Step 1: Evaluate the company
Step 2: Choose between temporary or lifetime dismemberment
Step 3: Don’t harm other heirs in reserve
Step 4: Consult a notary


An entrepreneur has the option of starting to transfer his business during his lifetime, by way of bare ownership donation. He can thus retain the usufruct and remain at the helm of his company.

The very configuration of the shared gift is equivalent to an advance on inheritance, which makes it possible not to harm his heirs.

The value of the company must first be assessed and then a professional in conveyancing must be consulted to dismember it. The same notary will make sure that the donor’s beneficiaries are not prejudiced, and will proceed with the shared donation.

Good to know: the donation rights are calculated on the value of the bare ownership received, and not on the total value of the company.

For example, a father and a mother own a company valued at 1 million dollars.

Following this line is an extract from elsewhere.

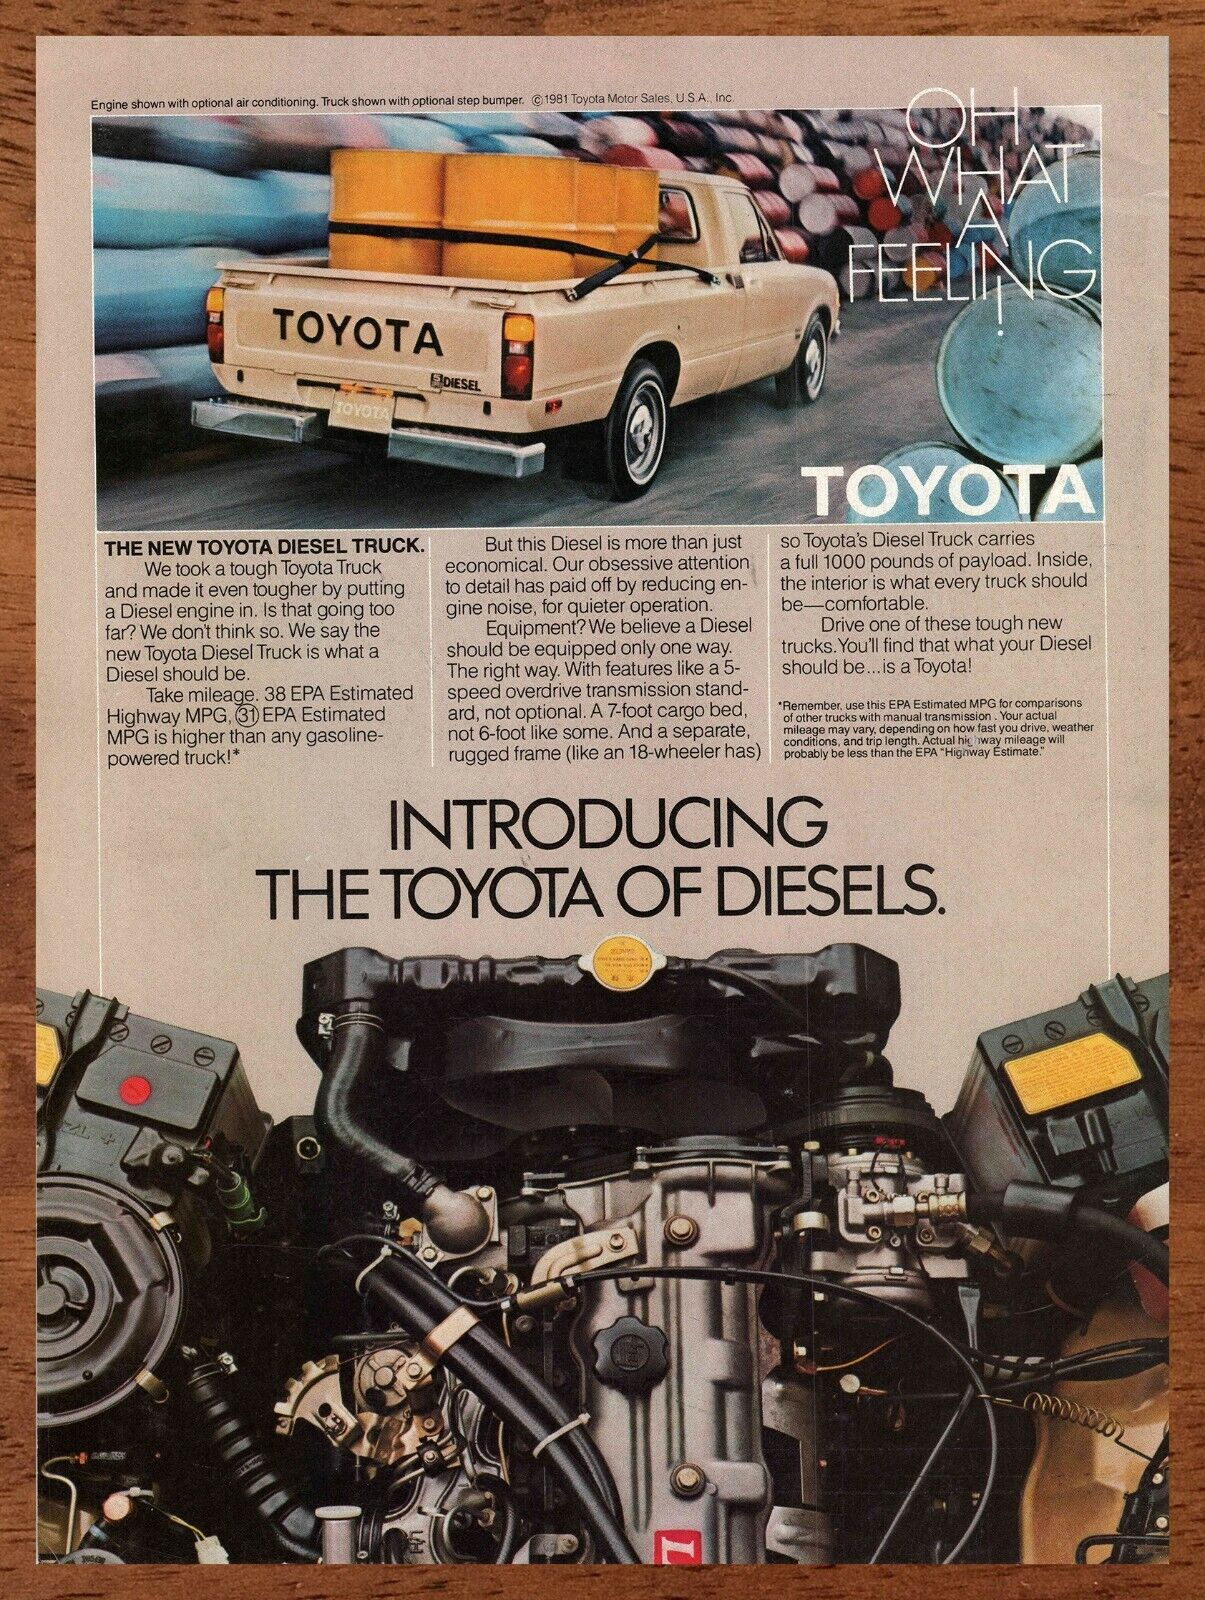 1981 Toyota Diesel Engine Vintage Print Ad/Poster 80s Car Truck Bar Art Décor 
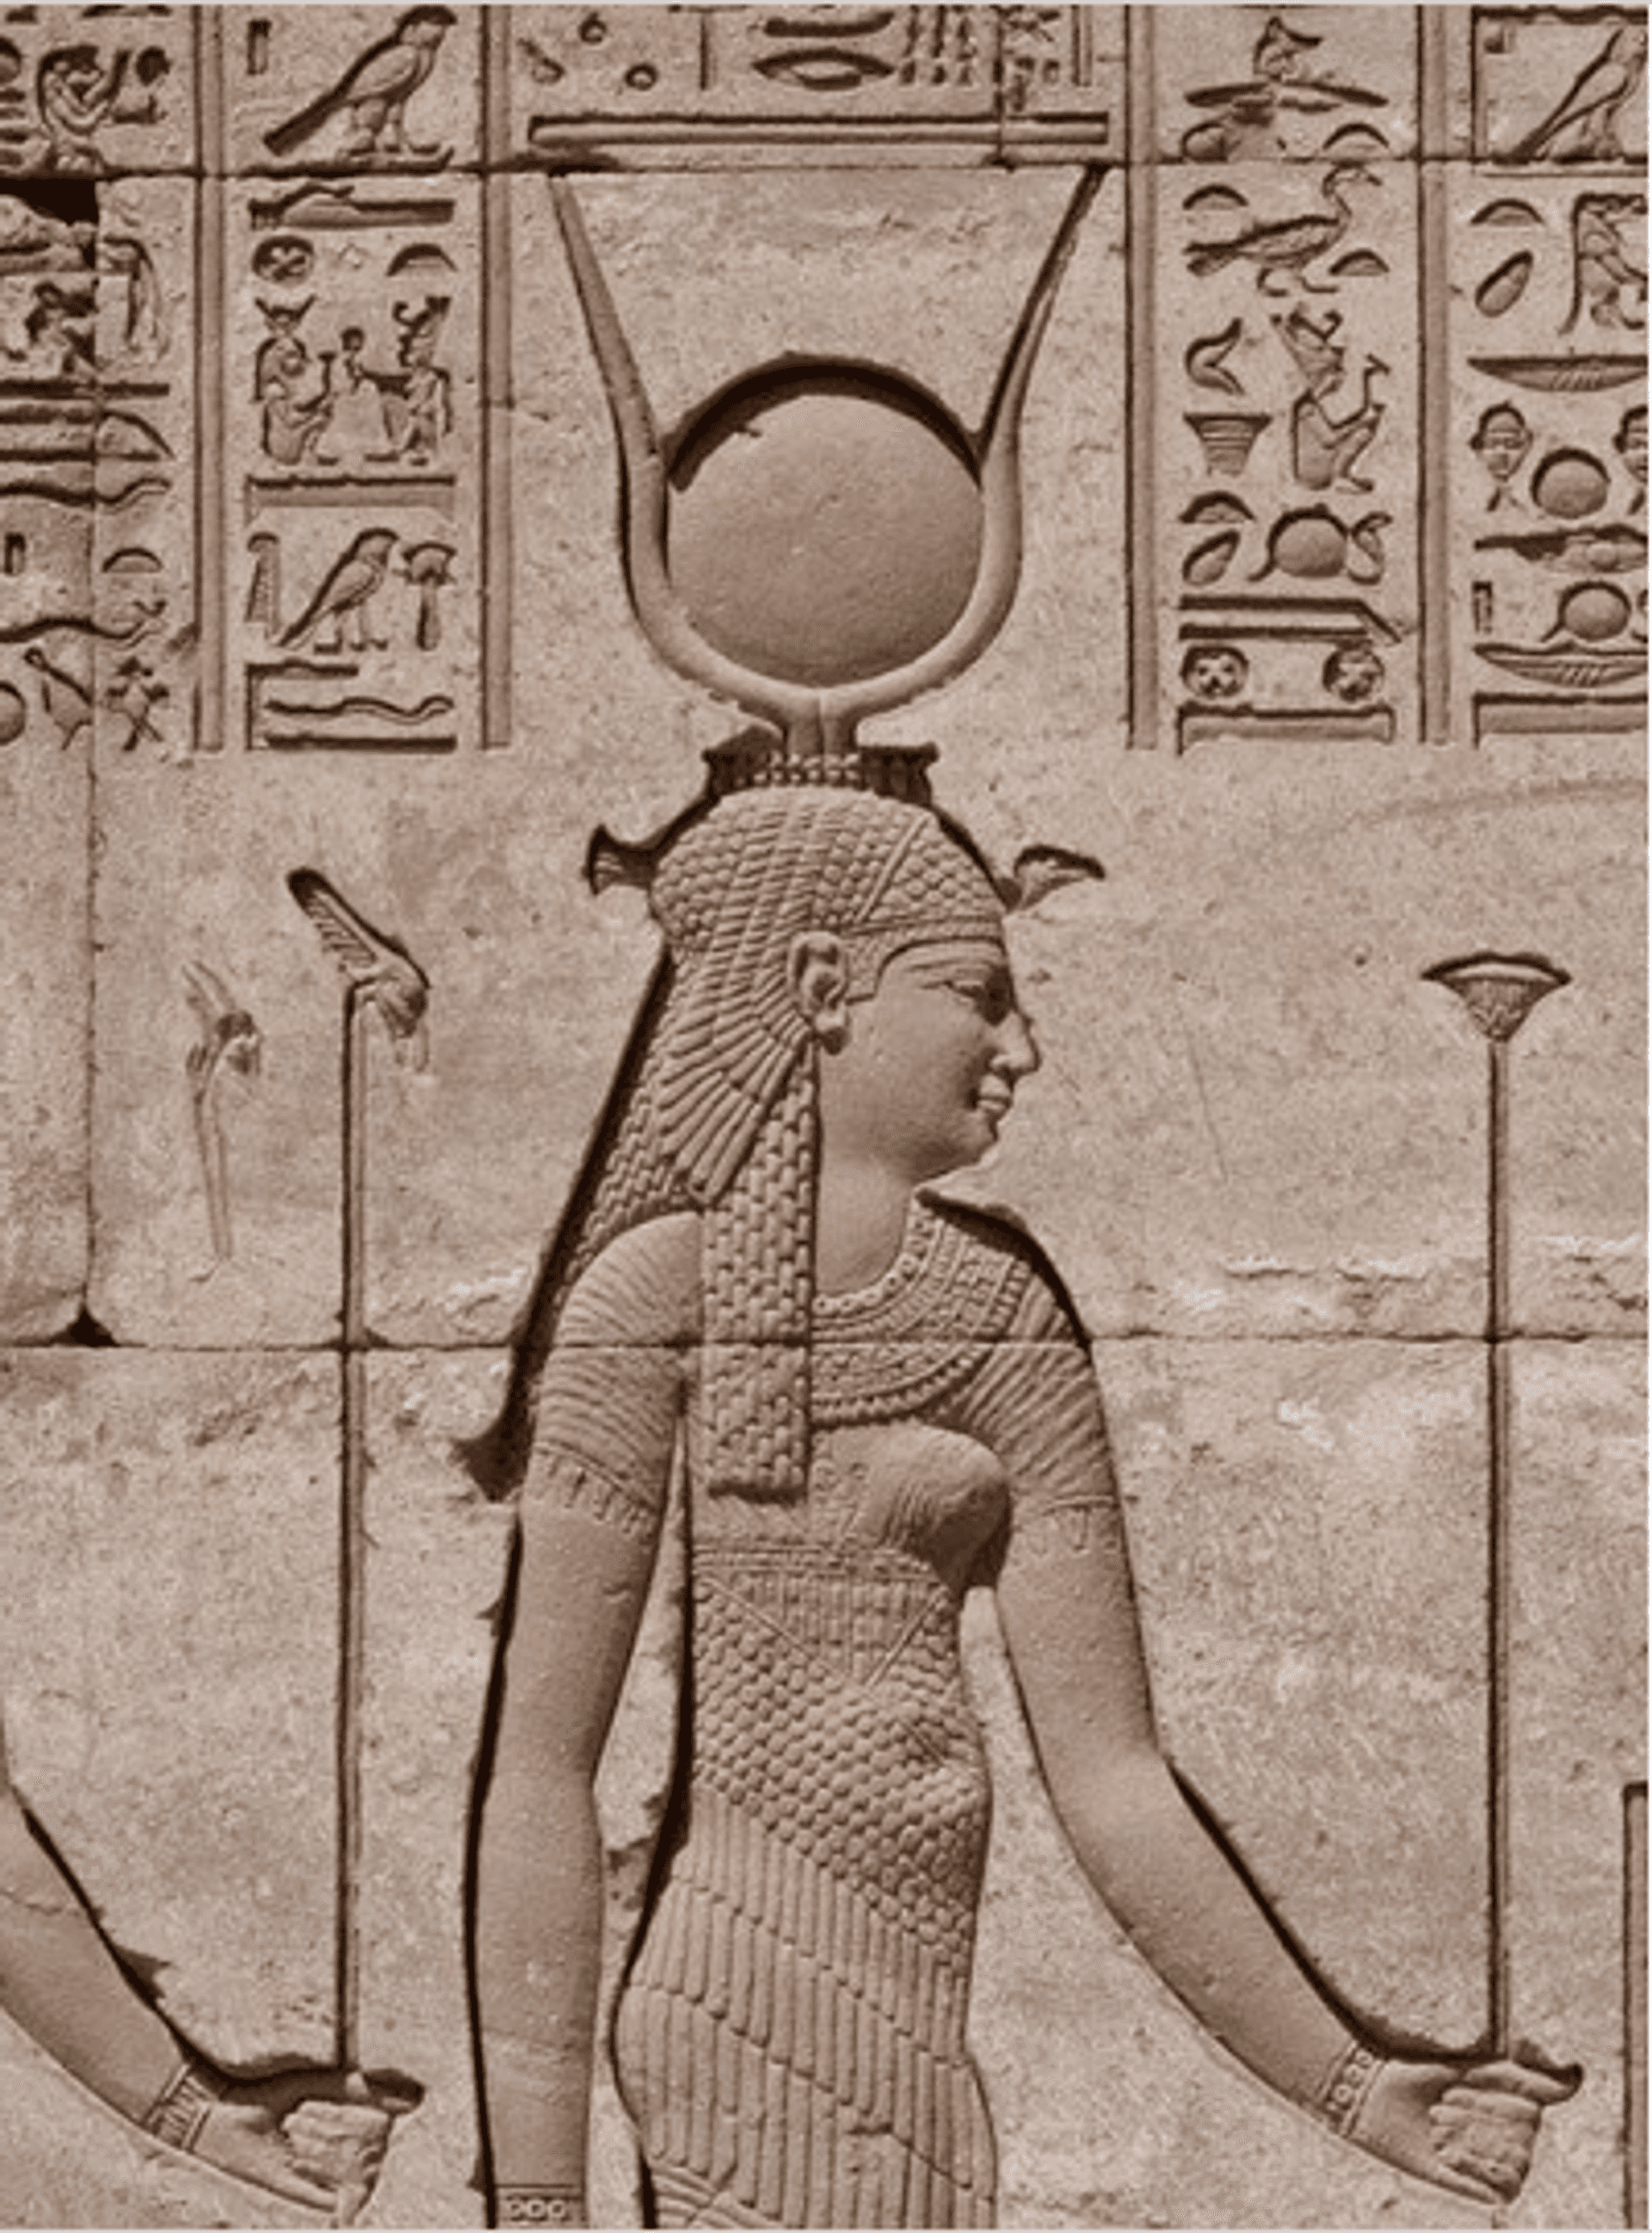 An image of the Egyptian Goddess Ahathoor

They make a donation-sharing the usufruct to one of their children for $400,000. The donation rights will therefore only apply to $400,000 and not to $1 million.

Important: the interposition of a company does not hinder the inheritance of a donation. In the case of a gift made by the deceased to one of his heirs through the interposition of a company in which the latter is a partner, the ratio is due to the estate in proportion to the capital he holds.

1. Evaluate the company

The estimate of the value of a company must be supported by a balance sheet. The heir is therefore obliged to entrust this task to a chartered accountant.

Determine the number of assets


The professional in charge of the company’s valuation will determine the value of the movable and immovable property:

– offices, warehouses or store walls if they are owned by the company;
– vehicles, machinery, computer equipment and furniture;
– commercial leases, investments, receivables, possible shareholdings in other companies;
– current contracts, customers or goodwill.

Determine the number of liabilities.

The accountant will deduct from the amount of the assets:

– movable and immovable debts;
– debts to certain suppliers;

Divide the result by the number of shares

The value of the company thus obtained will be divided by the number of share units. This gives the value of the shares owned by each partner.

Good to know: if the business owner created the partnership after his or her marriage, and if he or she is married under the regime of community of acquests, the spouse owns half of the shares. The spouse will therefore also have to make a shared gift if he or she wishes to participate in the transfer. If another person is associated with the company’s capital, he or she may also make a shared gift to the donee. Indeed, it is possible to make a gift to a person outside the circle of beneficiaries.

2. Choose between a temporary or lifetime dismemberment

The notarial deed separating the usufruct from the bare ownership is called a dismemberment. When the dismemberment ends, the bare owner recovers the usufruct and thus becomes the full owner. Here, a specialized law firm can help you out.

Consider the temporary dismemberment

When a dismemberment is temporary, the bare owner will recover the usufruct on a given date.

This solution will be preferable for the business owner who has planned to retire on a specific date. It will suffice to fix the end of the dismemberment on that date.

Note: when the usufructuary is heir to the bare owner, he will receive the usufruct in the event of the premature death of the bare owner.